I agree it's vital to fill in the form specifically referencing one's difficulties. However, from the MEA and the amount of appeals of people with ME, there is clearly a problem.

The training of the 'Health Professional' via these workbooks has primed them to believe (as the workbook specifically states) that CFS/ME does not in itself cause cognitive problems. So if you don't have another 'condition' the HP may well believe you are exaggerating your problems.

I am just stating what is in the workbook, not giving my opinion or advice.

Edit: Based on the scoring recommended in the workbook a claimant would likely get many more points if they stated they also had depression and/or anxiety as a result of their ME.

 

I have same problem, explained it clearly in the form, & at the assessment, even showed him the organiser box I have to use. Still said I didn't need any assistance/aid/appliance & scored 0 points for it.

In my experience it matters less whether your difficulties actually meet specific descriptors, as it does whether the assessor believes that they do..... if they are not told that significant cognitive problems/impairment can be present in ME/CFS then it's irrelevant what you say, and indeed what your doctor might say in his letter either, because if (as far as they're concerned) the condition you have doesn't cause those difficulties, then you don't have them unless you have medical evidence of another condition which can cause them.

Most important seems to be whether the difficulty can be observed at the time. So if you can understand the purpose of the assessment, what your conditions are & how they affect you, then they simply cannot believe you have any cognitive issues.
If the difficulties are ones they would expect you to have with 'X' condition, then they just want to find out how severe & how often, but if they don't expect you to have that difficulty and it's not obviously present at the moment they see you then in their eyes you cant have it, it just wont 'compute' for them.

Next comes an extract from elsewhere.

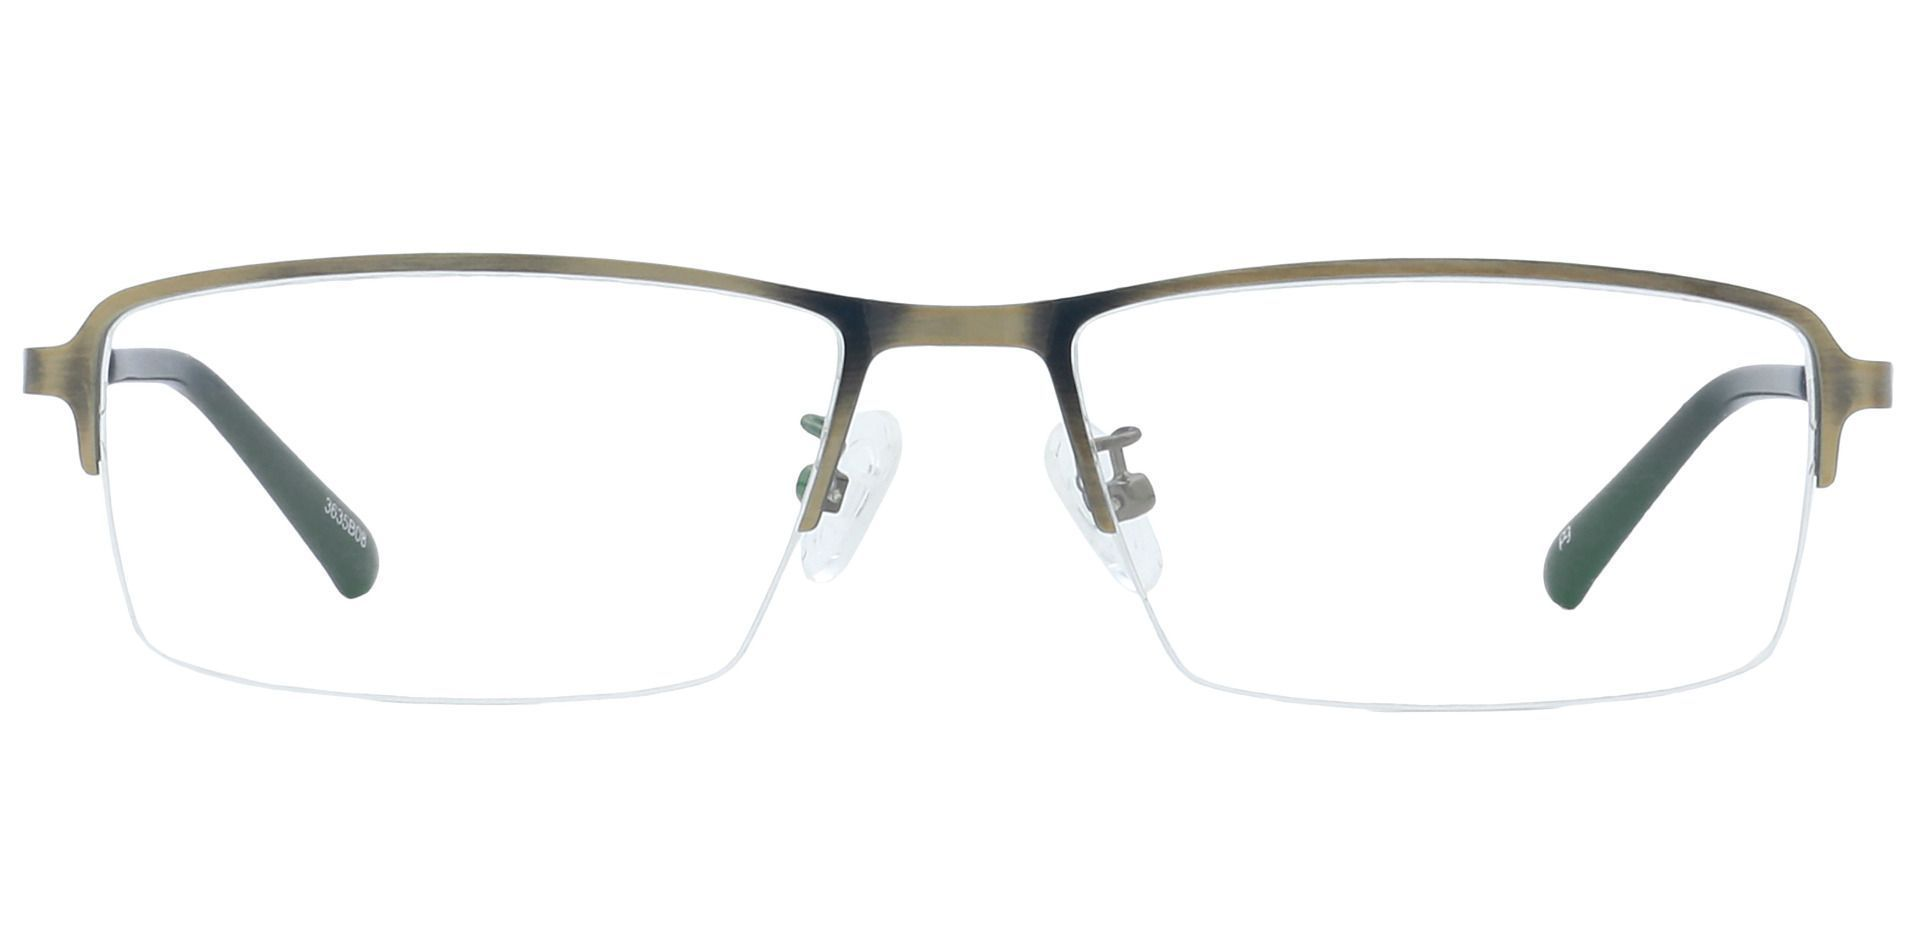 Channing Rectangle Eyeglasses Frame - Brown

Which I suppose is reasonable from their pov - I mean if an amputee said they couldn't read because of their leg amputation that wouldn't really wash.
So it's the fault of the stupid guidelines, and behind that the fault of the ridiculous 'ME=being tired' nonsense that is out there.

When the so called experts say the only cognitive issues for PwME are 'poor concentration' then I don't know how the assessors are supposed to do an accurate job. As much as I am angry, it's not really their fault if they are taught wrongly, in the same way it's not really the average overworked GP's fault if the training they've been given & the articles they read from the sources they respect, are 80% pure bullshit.

 

also cognitive problems are under the 'mental health' as opposed to the physical section on the ESA which skews the perception of the illness.

 

Just my opinion, based on experience, mine and others.

They are still using a low hanging fruit method to disallow or reduce ill/disabled peoples entitlement.

Knowingly.

The suggestion that their guidance is wrong, whilst it is, is no excuse.

The majority of 'HCP's just don't seem to care, they just seem to want to meet 'targets' that are officially denied to exist.

They do not appear to have any interest in producing a fair assessment, and a significant interest in not doing so.

The system is set up to prevent those who want to give a fair assessment from doing so.

There is a reason that the assessment companies find it very difficult to recruit doctors, why they do not have enough to meet the requirements of their contracts.

Most doctors are too 'ethical' to participate once they understand the system.

And if you knew my opinion on doctors that's saying a lot.

 

Are you entirely sure that it is not that the contractual terms are unattractive to a doctor?

 

For a lot of the last 2 decades I have been unsure as to my name........

All I 'know' is that before ESA they had no difficulty in recruiting doctors, the repeated 'tightening' of the guidance and policies are likely to be the most substantive change in that process.

 

My family persuaded me to apply for benefits, for which i have not yet forgiven them.